Electron micrographs of zds1-disrupted cells. Wild-type (SP66) and zds1-disrupted cells were cultured in PMAL medium at 30° for 72 hr and observed by TEM. Wild-type cells (a, c, and e), zds1-disrupted cells (b, d, and f), and septating cells of wild-type (c and e) and zds1-disrupted cells (d and f) were observed. The cells were observed at a magnification of 5000 (a and b), 6500 (c and d), and 15,000 (e and f).
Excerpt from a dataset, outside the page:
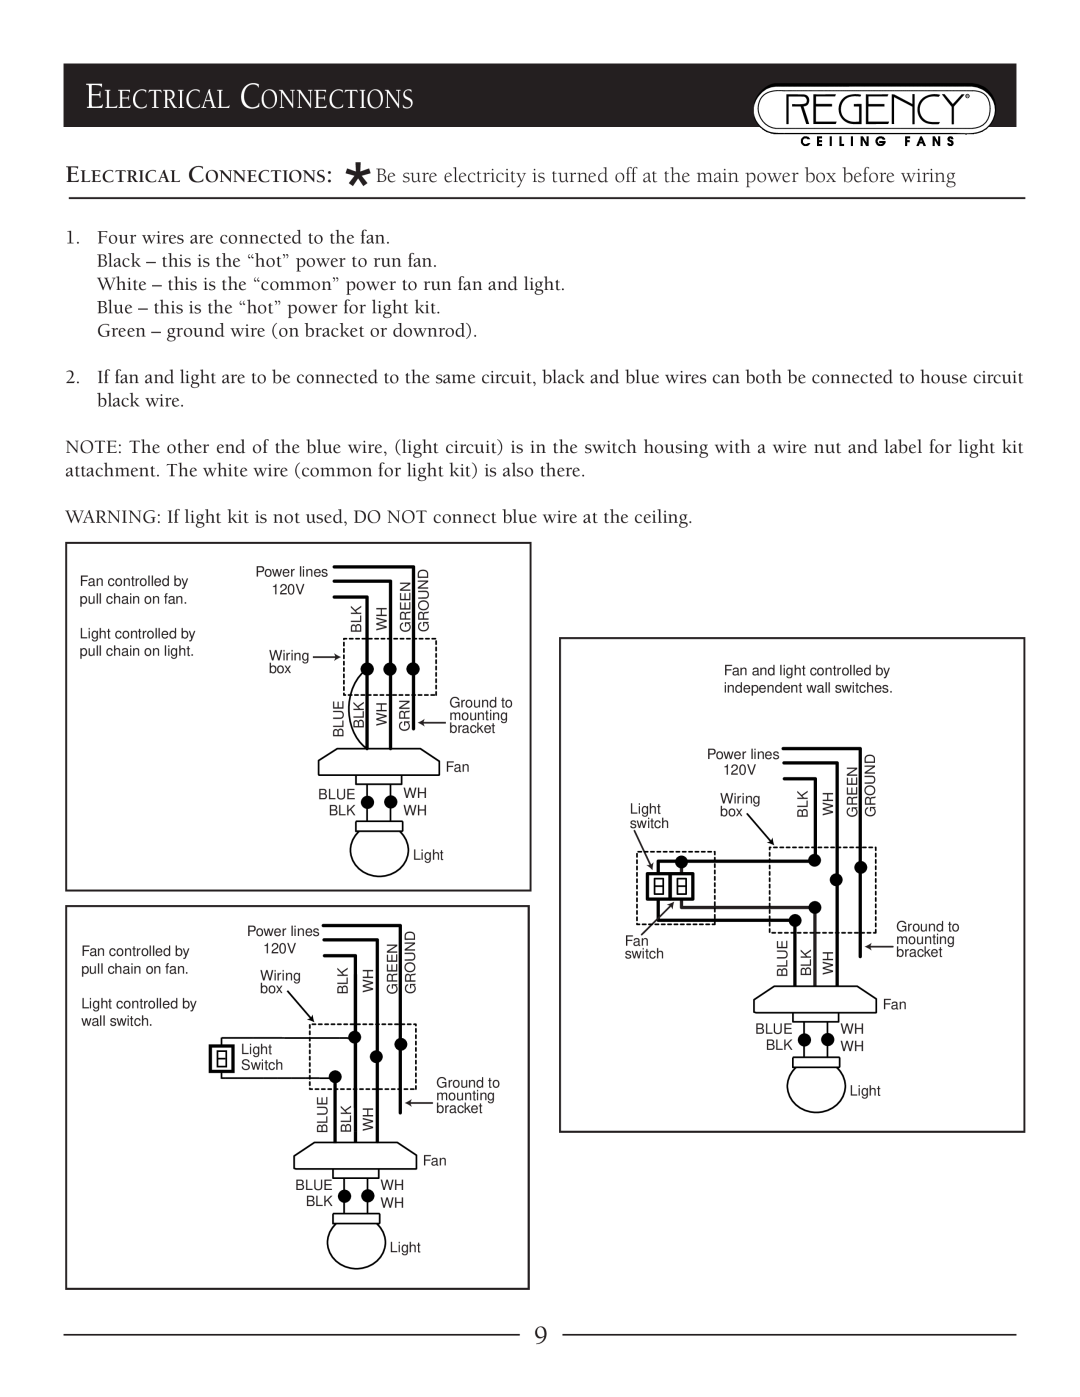 Marquis SERIES owner manual Electrical Connections

Bars, 1 μm in a, b, c, and d; 500 nm in e and f.

Figure 10.

Summary of the Zds1 domain analysis conducted in this study. The N-terminal region serves to inhibit the functional domain of Zds1, which is the C-terminal region. The latter domain induces sexual development and calcium tolerance. The role of the central region is obscure but, interestingly, its sole expression induces nuclear localization.